Anup Singh (born 14 March 1961) is Geneva based filmmaker, born in Dar-Es-Salaam, Tanzania, East Africa and grew up in a Sikh family of Punjab origin.

Biography
Anup Singh was born on 14 March 1961 in Dar-Es-Salaam, Tanzania. His family fled Tanzania and came to Bombay in 1971. He graduated in literature and philosophy from the Bombay University and from the Film and TV Institute of India, Pune. He directed films for Indian TV, and was a consultant for BBC2. He now teaches at a film school in Geneva.

Filmography

Director

Ekti Nadir Naam (2003) 
Ekti Nadir Naam (The Name of a River) was Anup Singh's first feature-length film was selected in 30 festivals worldwide and won several awards.

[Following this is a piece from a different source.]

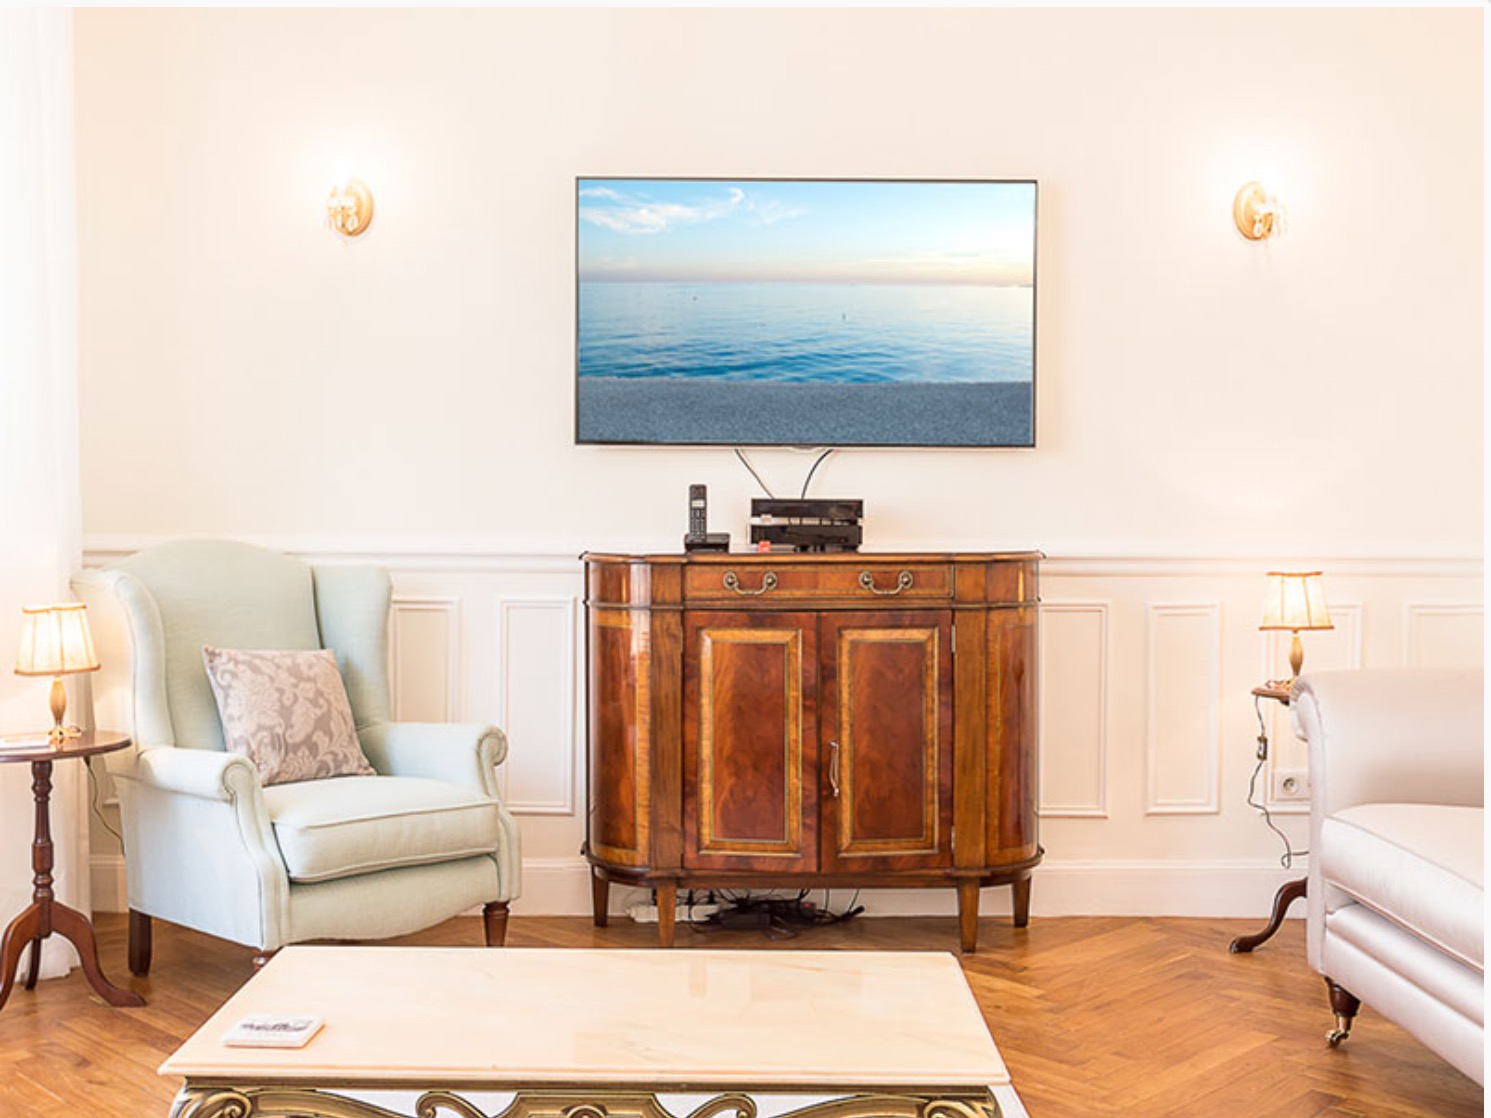 Carre d\'Or, Nice — Nice Home Interiors Nice Home Interiors

The film was based on Indian filmmaker Ritwik Ghatak whom Anup Singh considers as his teacher.

Qissa (2013) 
Qissa - The Tale of a Lonely Ghost premiered at Toronto 2013, and was critically acclaimed, hailed by the international press: "stuns its audience", "beyond boundaries", "conjure such intense feelings", "distinctive storytelling". Awards include Best Asian Film by Netpac, the Silver Gateway Award at the Mumbai FF and Best Actress Award at Abu Dhabi FF.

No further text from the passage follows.